Partnering with the Governor’s Re-Entry Program on Jobs Training & Placement “ Private Assets for Public Good” 

  • The Governor’s Training, Reentry & Employment Center held its grand opening this morning in Kearny. The mission of the three-story, 25,000-square-foot facility is to provide the formerly incarcerated with the industry credentials they need to obtain a career in high-demand fields. 
  • Wendy Neu, CEO of Hugo Neu Corporation donated the center’s building, which is located within Hugo Neu’s 130-acre Kearny Point business center. 
  • Operated by the New Jersey Reentry Corporation (NJRC), a nonprofit agency dedicated to removing all barriers to employment for citizens returning from jail or prison, the center houses nine classrooms and conference spaces where NJRC participants will receive training in six major certification skill sets: 1) Solar Technology, 2) Construction Industry, 3) CISCO Certification Networking Technician Certification, 4) Automobile Mechanics Training, 5) SEIU/Health Care Maintenance, and 6) GED/high school diploma, as well as, providing private access to Telemedicine and Medication Assisted Treatment (MAT). 

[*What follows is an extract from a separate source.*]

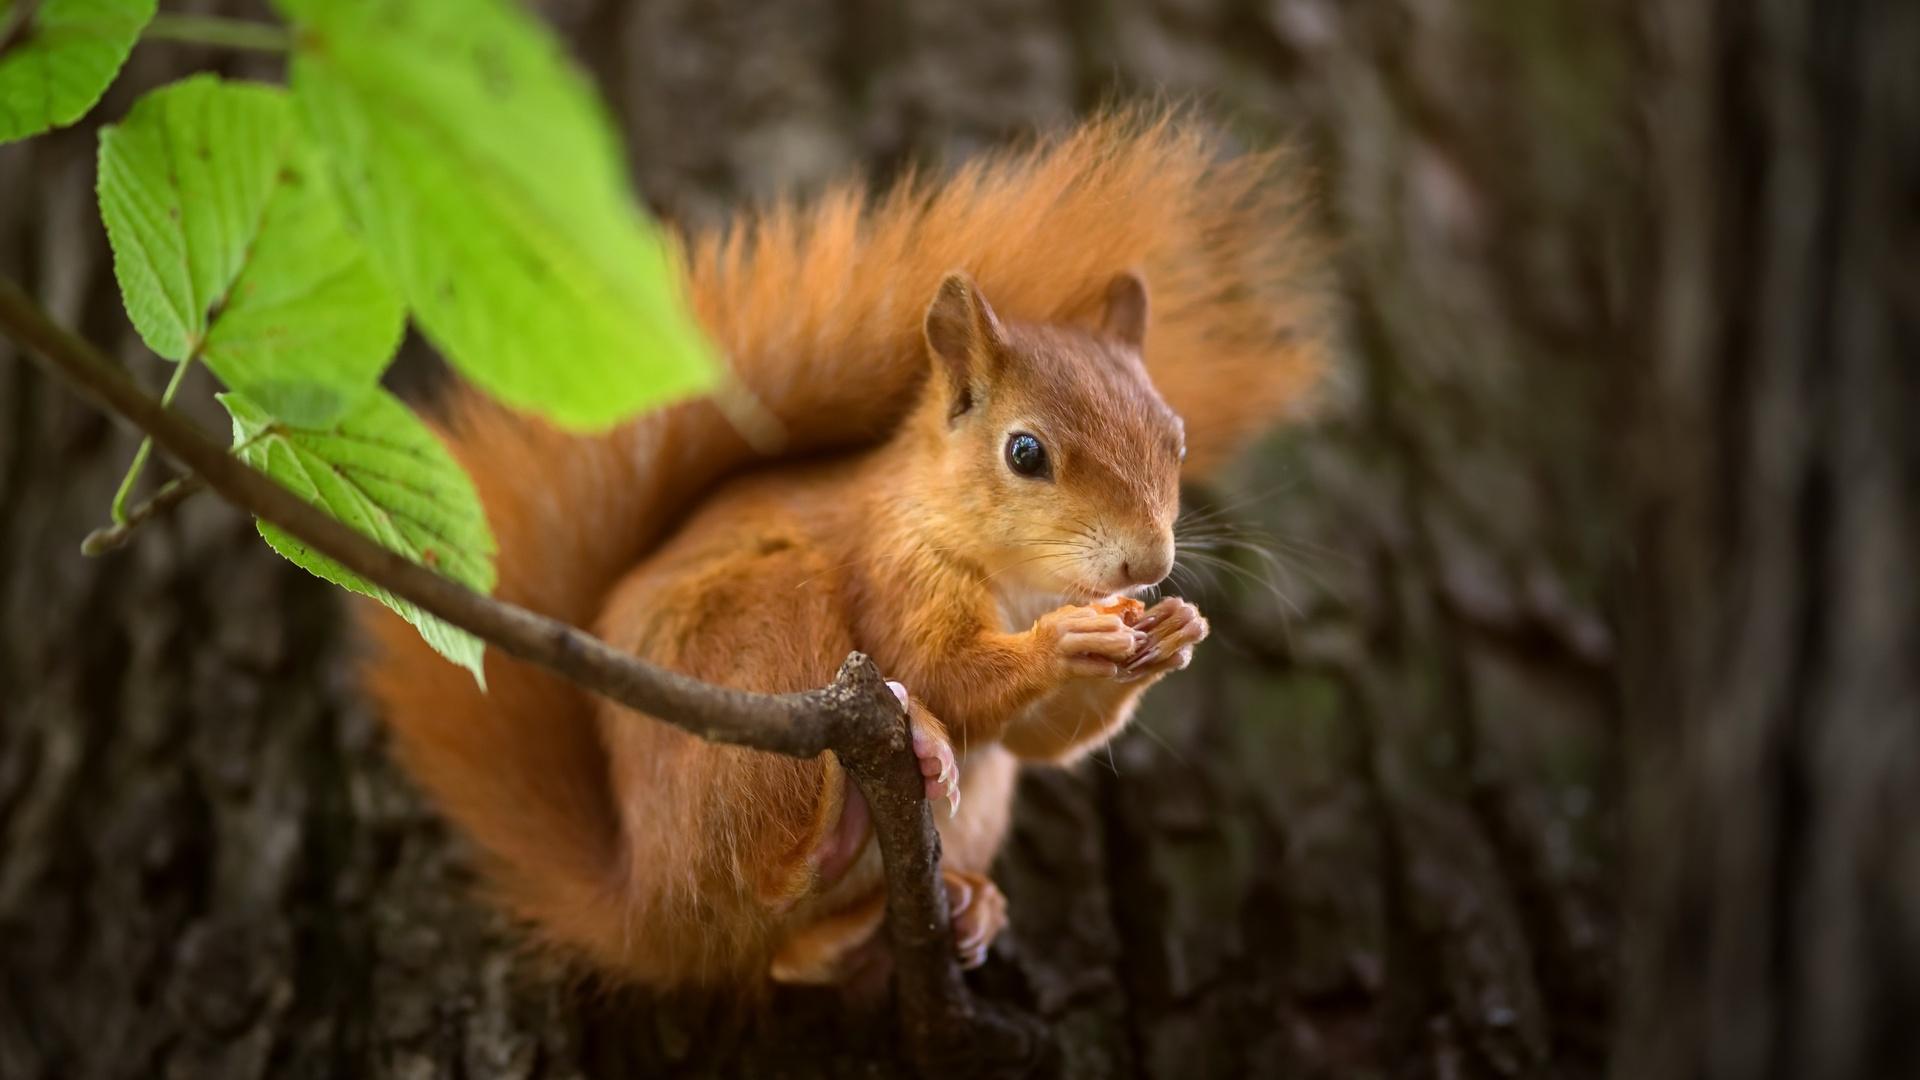 1920x1080 Cute Squirrel Laptop Full HD 1080P HD 4k ... |Indian Squirrel Wallpaper

What public policy priorities are of greatest importance to you at this time and why? 

Incentives and disincentives for developers to reduce footprints and negative environmental impacts that exacerbate flooding, poor water and air quality, as well as ecosystem destruction. As our water studies have demonstrated, Improvement measures, such as those we are planning at Kearny Point will be costly and non-sustainable if those upstream in the watershed do not do their part to reduce impacts.  

More investments and accountability for actions that address inequality and social justice – disincentives for those that don’t – particularly for businesses located in Opportunity Zones – financially benefitting by being located in disadvantaged areas, but not truly contributing to diverse local community livability. 

How does being part of ASBN help you fulfill your goals? 

ASBN allows us a greater network of support and activism through like-minded businesses and leadership. We’re all only stronger working together. ASBN enables greater coalition building, support and influence of key decision makers. Greater opportunities to demonstrate greener practices and reduce impact and support fair and inclusive circular economies. Greater collective opportunities to ensure for the health, welfare and sustainability of our communities and ecosystems.